Генерал, рожденный революцией (Шатирян) - страница 197

«Мы открыто заявляем, что в эти ответственные дни русской революции Фронтовой комитет предал Минский Совет и военно-революционный комитет, он предал фронт, он предал Советы, предал революцию. Он временно спас контрреволюционное гнездо фронта — штаб, спас агентов Керенского, его комиссаров. Такой Фронтовой комитет не может считаться представителем солдат фронта. Это представительство ложно-искаженное... Мы, члены Фронтового комитета в количестве 10 человек, составляющие часть комитета, одну из его фракций — большевистскую, обязанные быть и бороться вместе с революционными солдатами и, не желая обманывать их, оставаясь в рядах такого нереволюционного органа, как Фронтовой комитет, через его голову обращаемся к фронту с призывом — теснее сомкнуть свои ряды, дружнее закончить свое дело, и революционные волны фронта докатятся до мертвых берегов гнилого Фронтового комитета.

Долой Фронтовой комитет, да здравствует революционный Фронтовой комитет!»

Если вчера ультиматум съезда Гренадерского корпуса убил наповал «комитет спасения революции», то это заявление большевистской фракции — Мясникова, Фомина, Щукина, Кривошеина, Могилевского и других, — в свою очередь, было равносильно смертному приговору Фронтовому комитету. Да, на первый взгляд это была странная картина: из важнейшего органа, созданного после Февральской революции, имеющего в своем составе несколько десятков человек, уходила, в сущности, небольшая группа, еще вчера бессильная как-нибудь повлиять на решения комитета. А сегодня с их уходом остальные превращались в ничтожную и слабую кучку. Ибо оказалось, что именно они, эти десятеро, и стали вершителями судеб фронта и края.

Все понимали или хотя бы чувствовали это. И во многих концах города тихо и незаметно происходили изменения, которые в иных условиях должны были произойти при звоне мечей и грохоте пушек.


Избавившись от своих «дипломатических» обязанностей, Ян Перно вдруг оказался не у дел. Хорошо было Ивану Алибегову, — тот сразу вернулся к себе в городской комитет и с головой ушел в дела, которых за дни его отсутствия накопилось предостаточно. А в оружейных мастерских все еще стояла охрана из казаков, и поэтому Перно считал, что ему там пока делать нечего.

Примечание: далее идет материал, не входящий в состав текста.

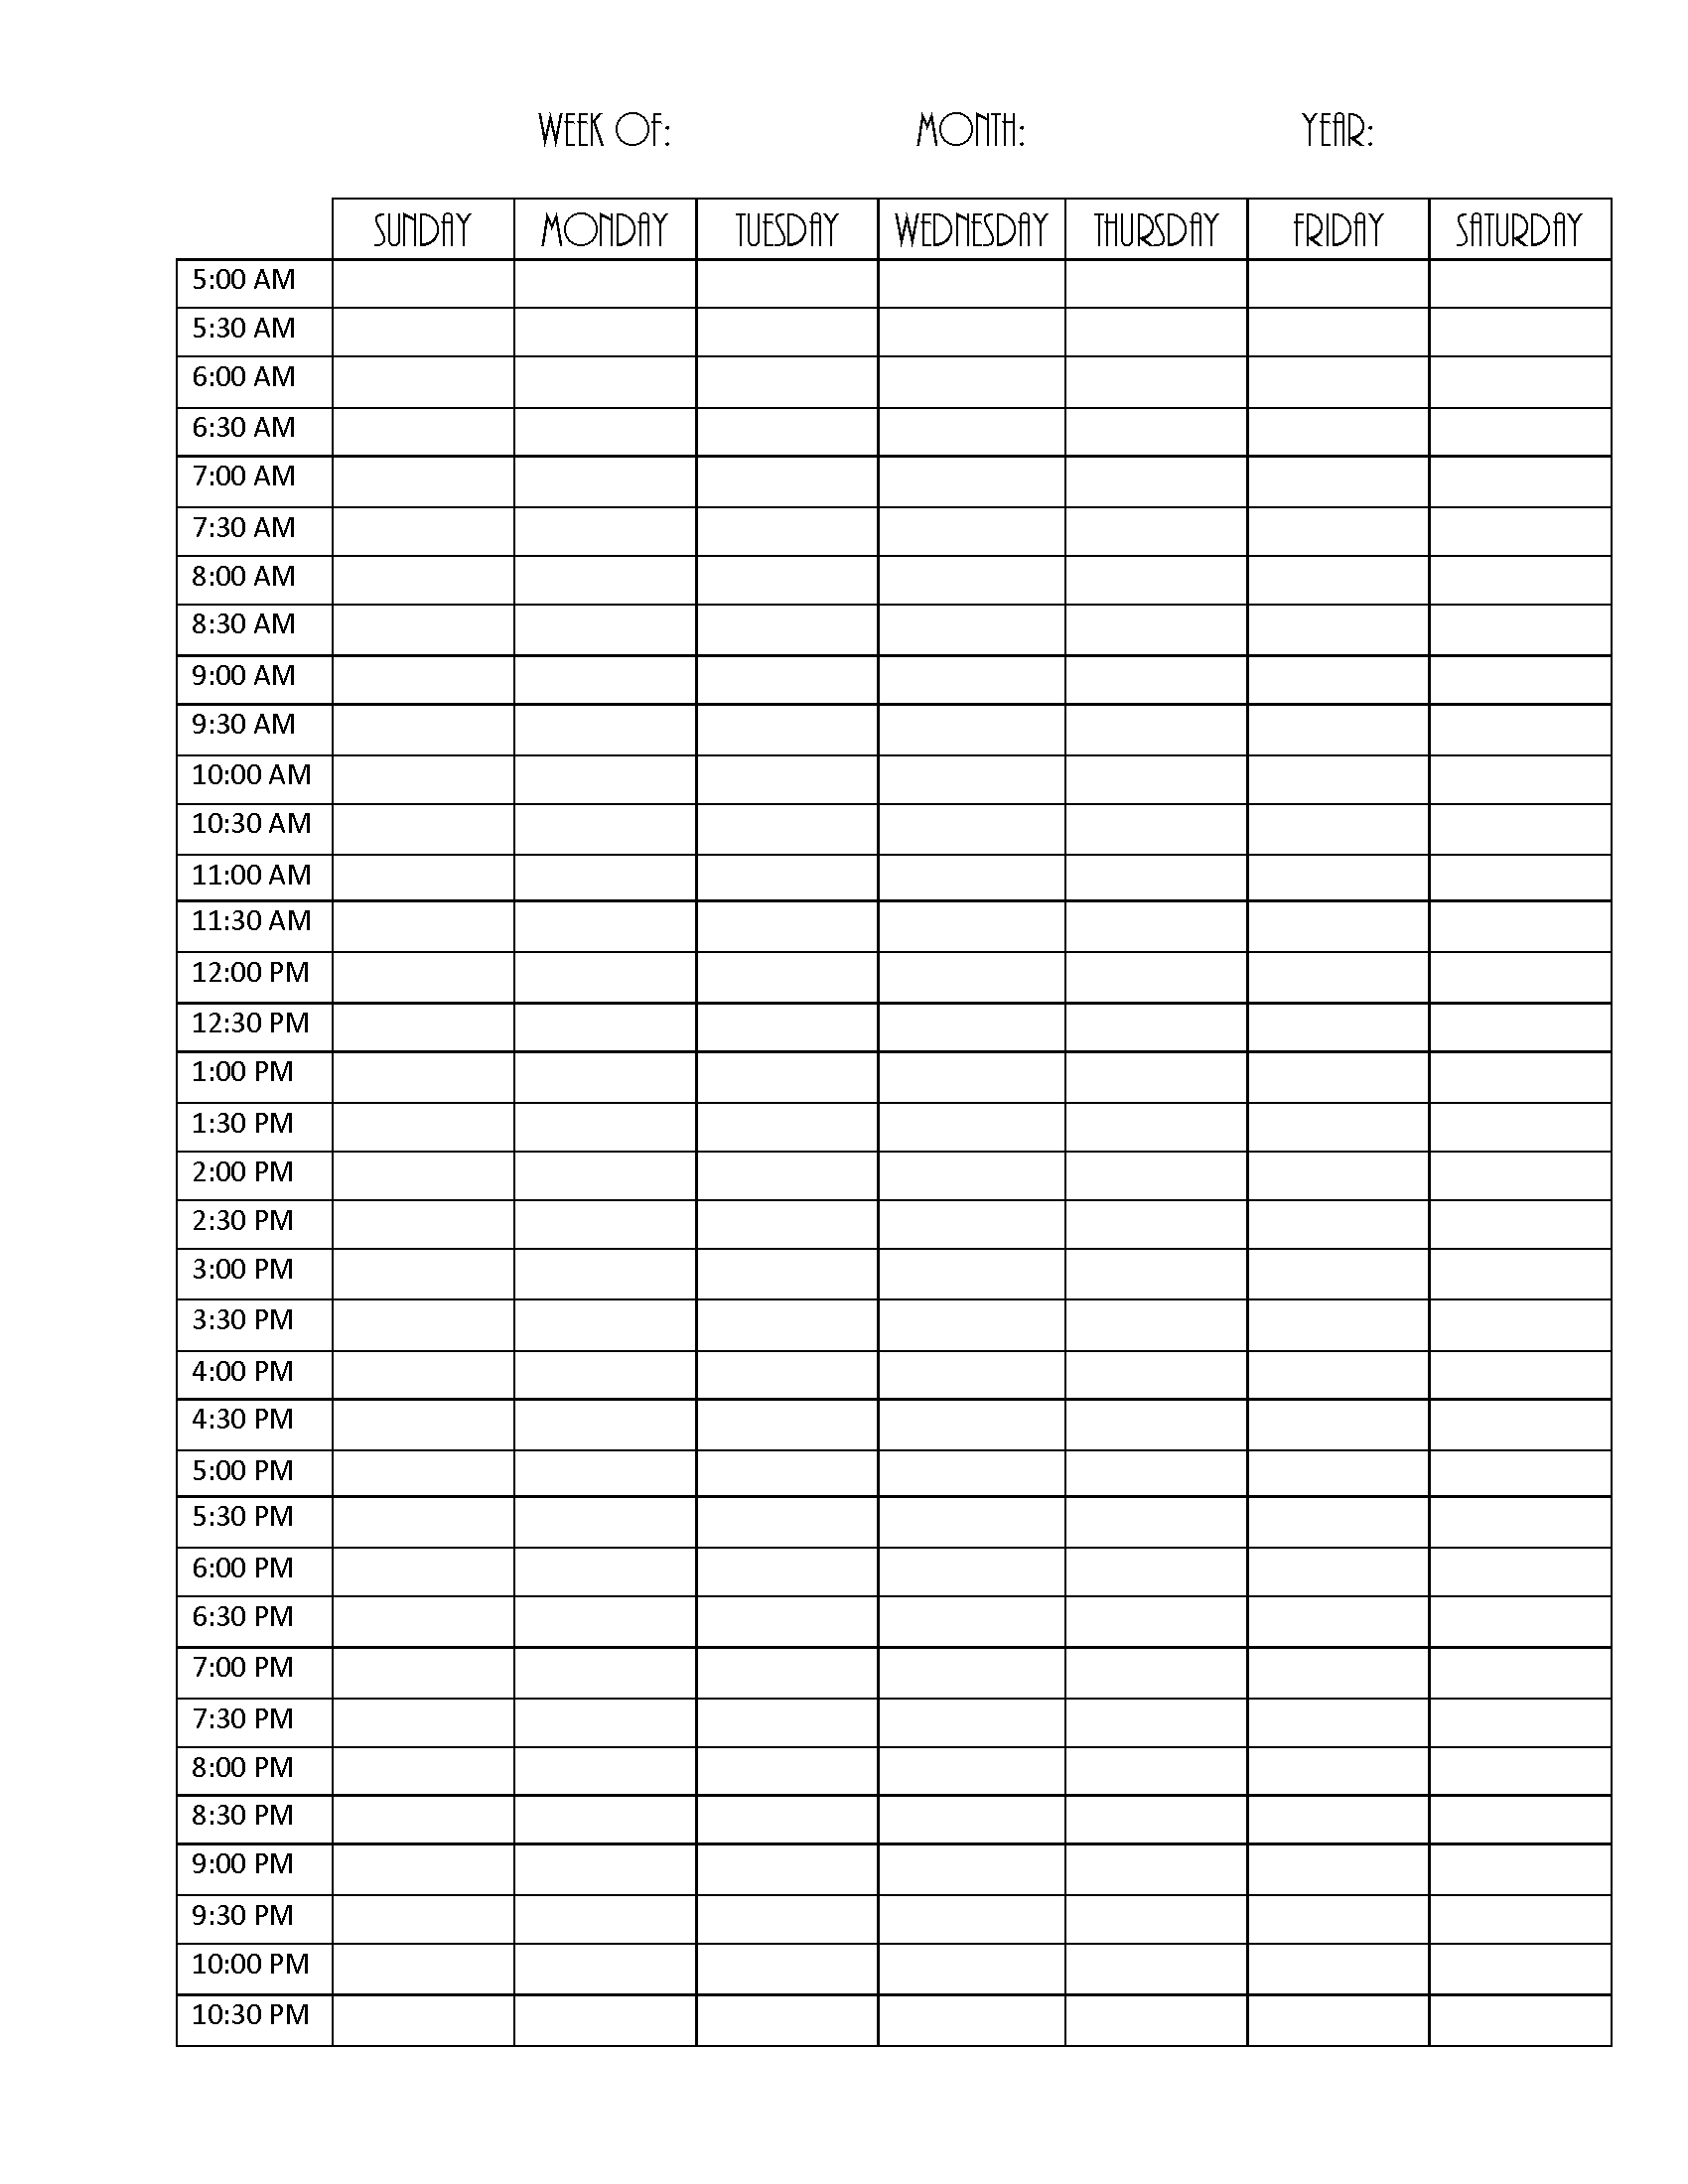 blank daily time schedule

Проснувшись утром 2 ноября, он решил пойти в военревком и попросить приставить его к какому-нибудь делу. Но не успел он подойти к подъезду Совета, как его окликнул чей-то голос:

— Эй, сября!.. Товарищ Перно!

Он обернулся и увидел Курятникова, командира роты, с которым он уходил из мастерских.

— А, брат, здравствуй, жив-здоров?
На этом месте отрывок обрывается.